We recently had a presentation at Activate 2018 about entity extraction in the context of a product search. For example: how to tell, when the user typed in Activate 2018, that the intent was to run conference:Activate AND date:2018?
One of the technologies to solve this problem is OpenNLP. We ran a demo of OpenNLP during our Activate presentation, and you can find the commands under our Github account. In this blog post, we’ll run through that same demo and give some more details on the thinking behind it.
OpenNLP is, to quote the website, a machine learning based toolkit for the processing of natural language text. It provides lots of functionality, like tokenization, lemmatization and part-of-speech (PoS) tagging. Of this functionality, Named Entity Extraction (NER) can help us with query understanding.
OpenNLP is open-source (Apache license) and it’s already integrated, to various degrees in our favorite search engines: Solr and Elasticsearch. Solr has OpenNLP-based tokenizing, lemmatizing, sentence and PoS detection in its analysis chain. There is also an OpenNLP NER update request processor. Elasticsearch, on the other hand, has a well-maintained Ingest plugin based on OpenNLP NER.
Setup and basic usage
Once you download and extract OpenNLP, you can go ahead and use the command line tool (bin/opennlp) to test and build models. You won’t use this tool in production though, for two reasons:
- if you’re running a Java application (which includes Solr/Elasticsearch), you will likely prefer the Name Finder Java API. It has more options than the command line tool.
- running bin/opennlp loads the model every time, which adds latency. If you expose NER functionality through a REST API, you only need to load the model on startup. This is what the current Solr/Elasticsearch implementations do.
We’ll still use the command-line tool here, because it makes it easier to explore OpenNLP’s functionality. You can build models with bin/opennlp and use them with the Java API as well.
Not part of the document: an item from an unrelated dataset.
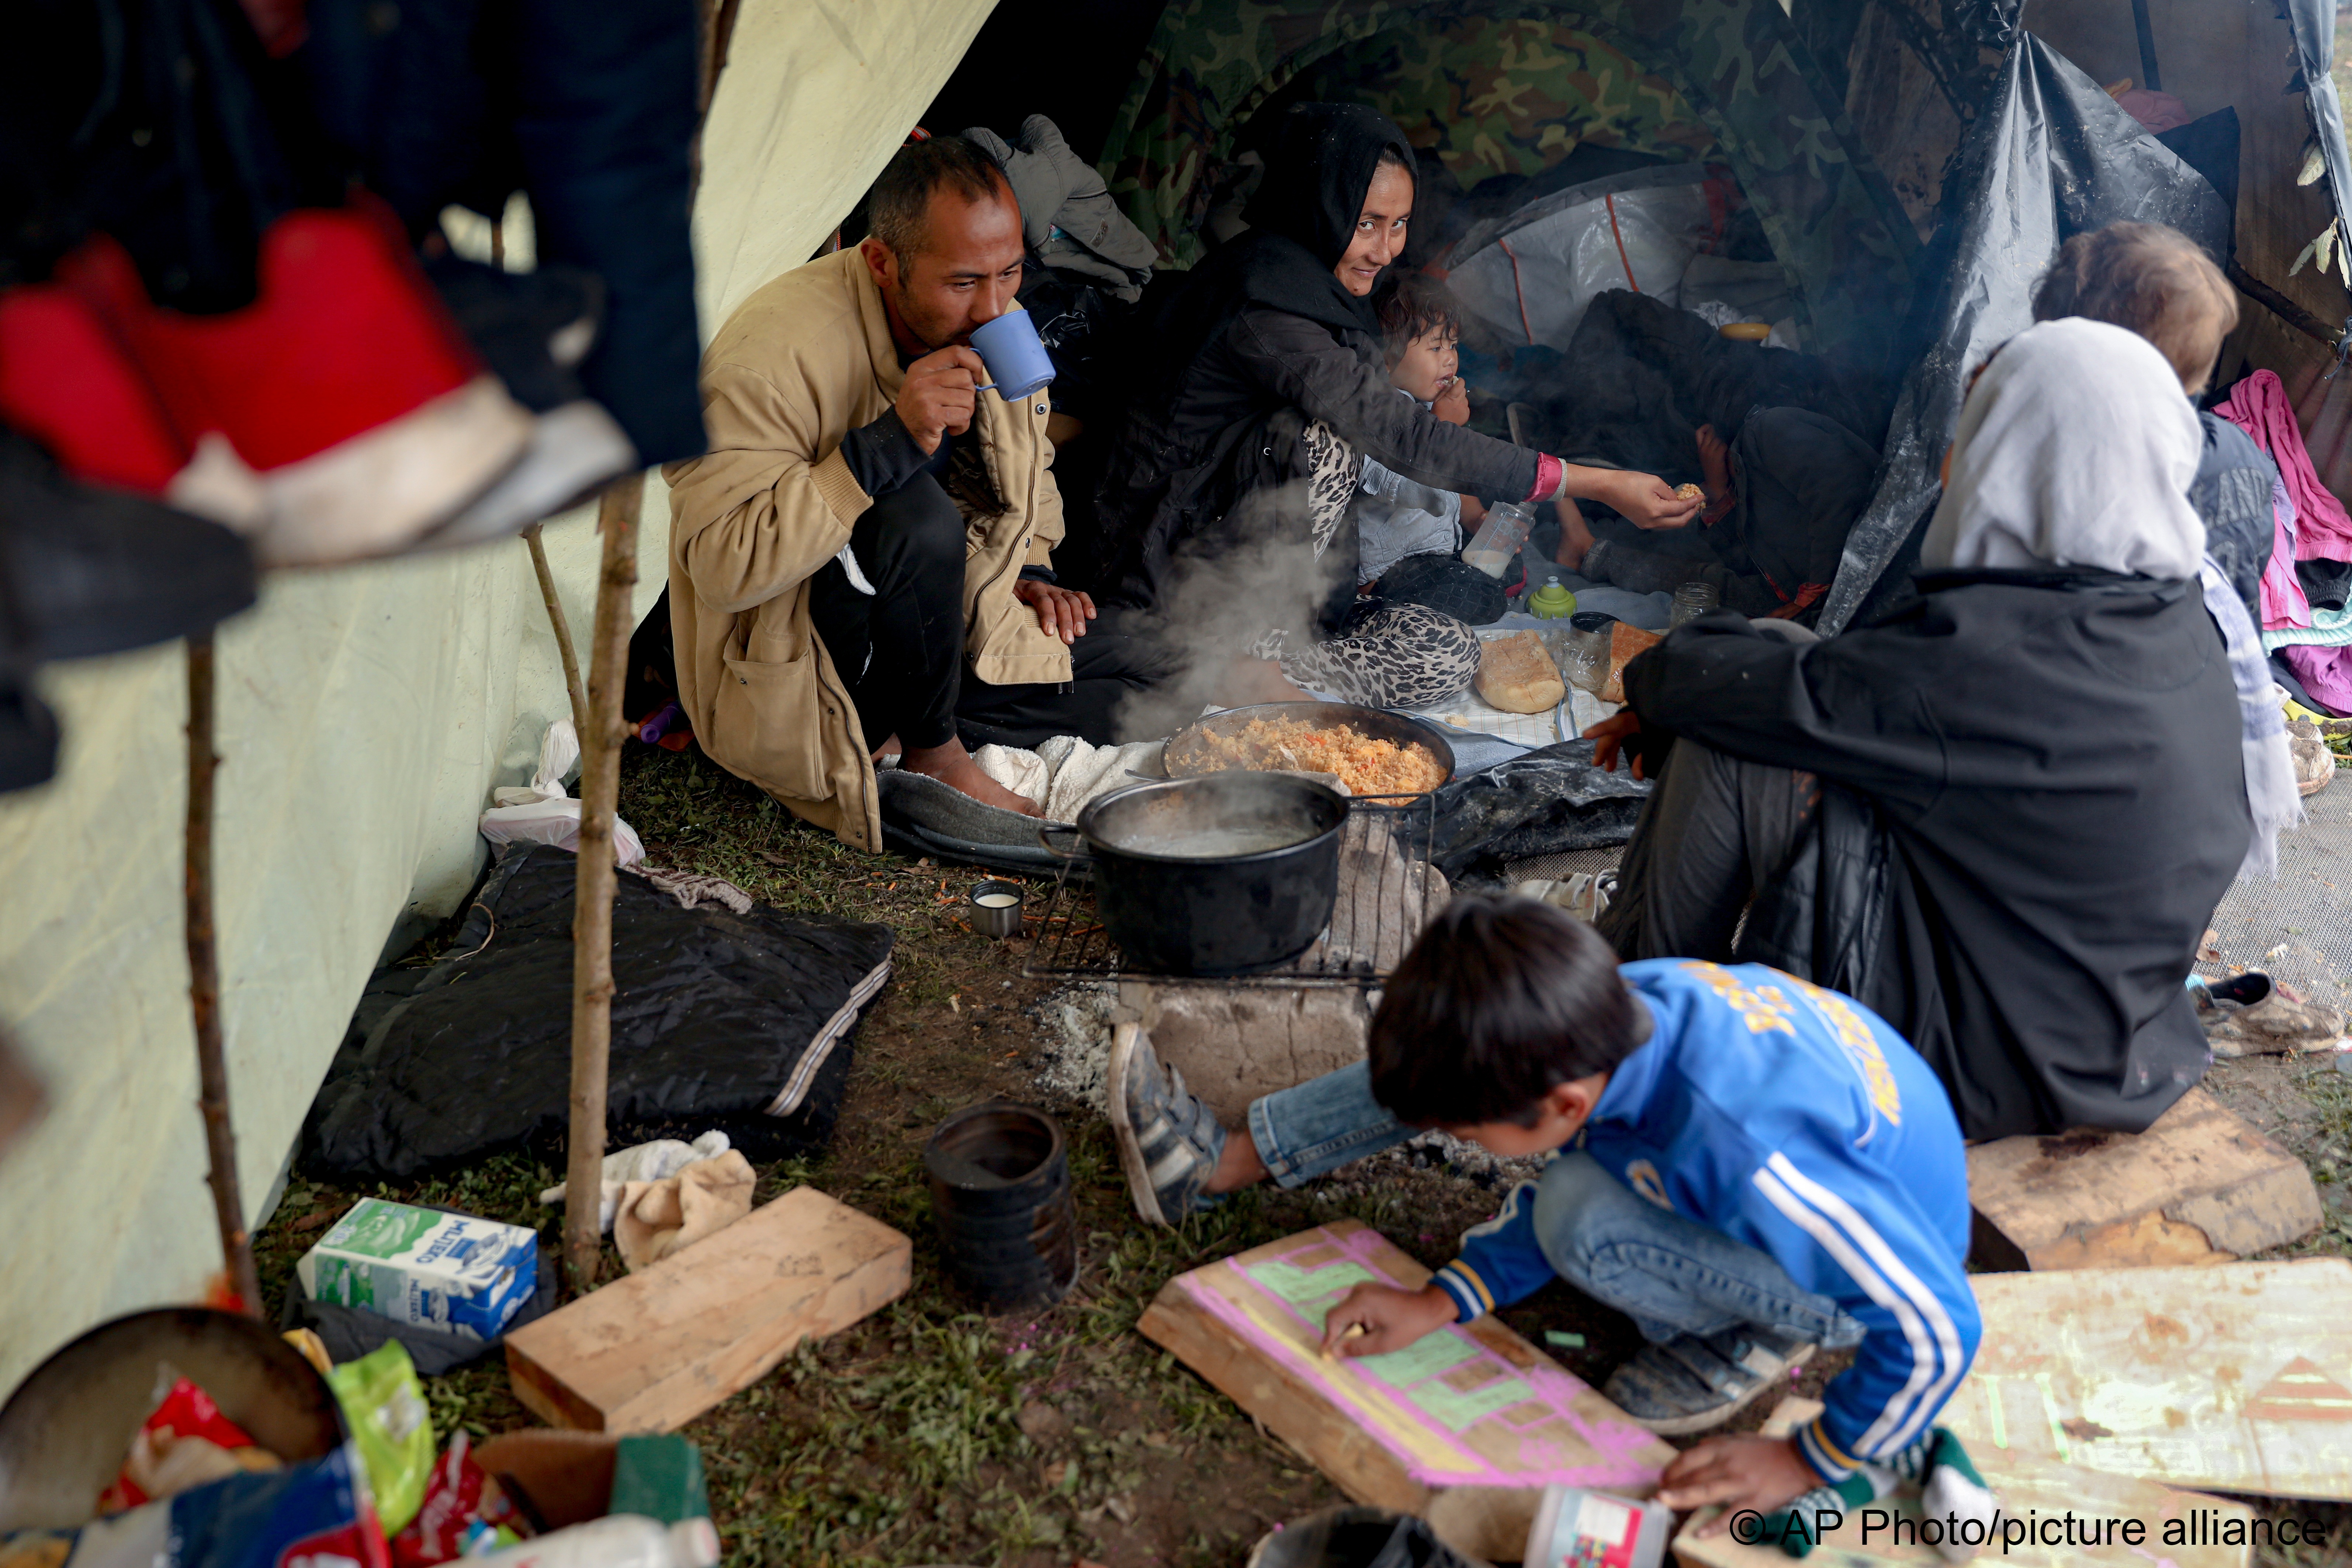 A migrant child draws on a piece of wood as people eat at a makeshift camp housing migrants mostly from Afghanistan, in Velika Kladusa, Bosnia, 12 October 2021 (photo: AP Photo)
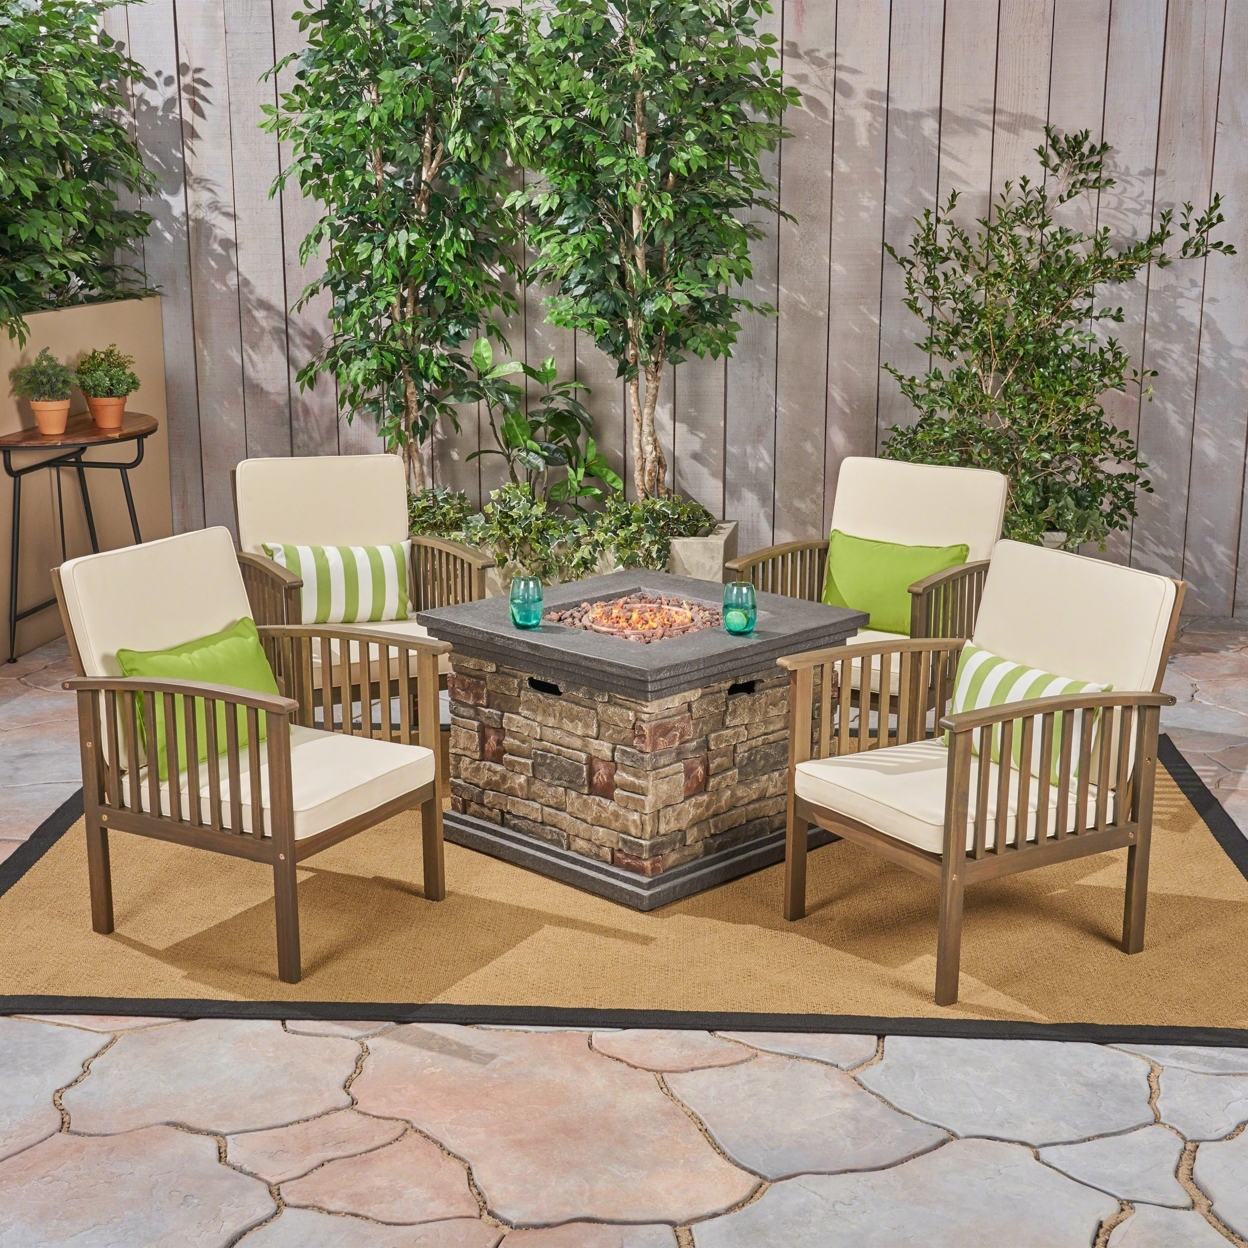 Carol Outdoor 4-Seater Acacia Wood Club Chairs With Firepit, Brown Patina Finish And Cream And Stone - Cream, Gray

To get started, we’ll pass a string to bin/opennlp’s standard input. We’ll then provide the class name (TokenNameFinder for NER) and the model file as parameters:
echo "introduction to solr 2018" | bin/opennlp TokenNameFinder en-ner-date.bin
While the pre-built date detection model will pick up 2018 as a date:
Loading Token Name Finder model ... done (1.416s) introduction to solr <START:date> 2018 <END> Average: 27.8 sent/s Total: 1 sent Runtime: 0.036s Execution time: 2.209 seconds
For anything more sophisticated, you’ll likely need your own model. For example, if we hope to get “youtube” back as a URL part. We can try to use the Organization pre-built model, but it won’t get us anything:
$ echo "solr elasticsearch youtube" | bin/opennlp TokenNameFinder en-ner-organization.bin Loading Token Name Finder model ... done (1.411s) solr elasticsearch youtube Average: 24.4 sent/s Total: 1 sent Runtime: 0.041s Execution time: 2.159 seconds
To use OpenNLP for detecting URL chunks, we need to provide a custom model.
Building a new model
We’ll need a few ingredients for our model:
- some data that’s already labeled with the entities we want to extract (URL parts in this case)
- optionally, change how OpenNLP extracts features from the training data
- optionally, change the algorithm used for building the model
The training data set can look like our GitHub sample. Here’s a snippet:
elasticsearch introduction demo on <START:url> youtube <END> solr docker tutorial on <START:url> youtube <END>
The most important characteristics are:
- entities need to be surrounded by tags. Here, we want to identify youtube as a url
- add spaces between tags (START/END) and labeled data
- if possible, use one label per model (here, url). Multiple labels are possible, but not recommended
- have lots of data. Documentation recommends a minimum of 15000 sentences
- each line is a “sentence”. Some features (we’ll touch on them below) look at the position of the entity in the sentence. Does it tend to be at the beginning or the end? If you do entity extraction on queries (like we do here), the query is usually one sentence. For index-time entity extraction, you could have multiple sentences in a document
- empty lines delimit documents. This is more relevant for index-time entity extraction, where there’s a difference between documents and sentences. Document boundaries are relevant for document-level feature generators (like DocumentBegin) and those influenced by previous outcomes within the document (usually, feature generators extending AdaptiveFeatureGenerator)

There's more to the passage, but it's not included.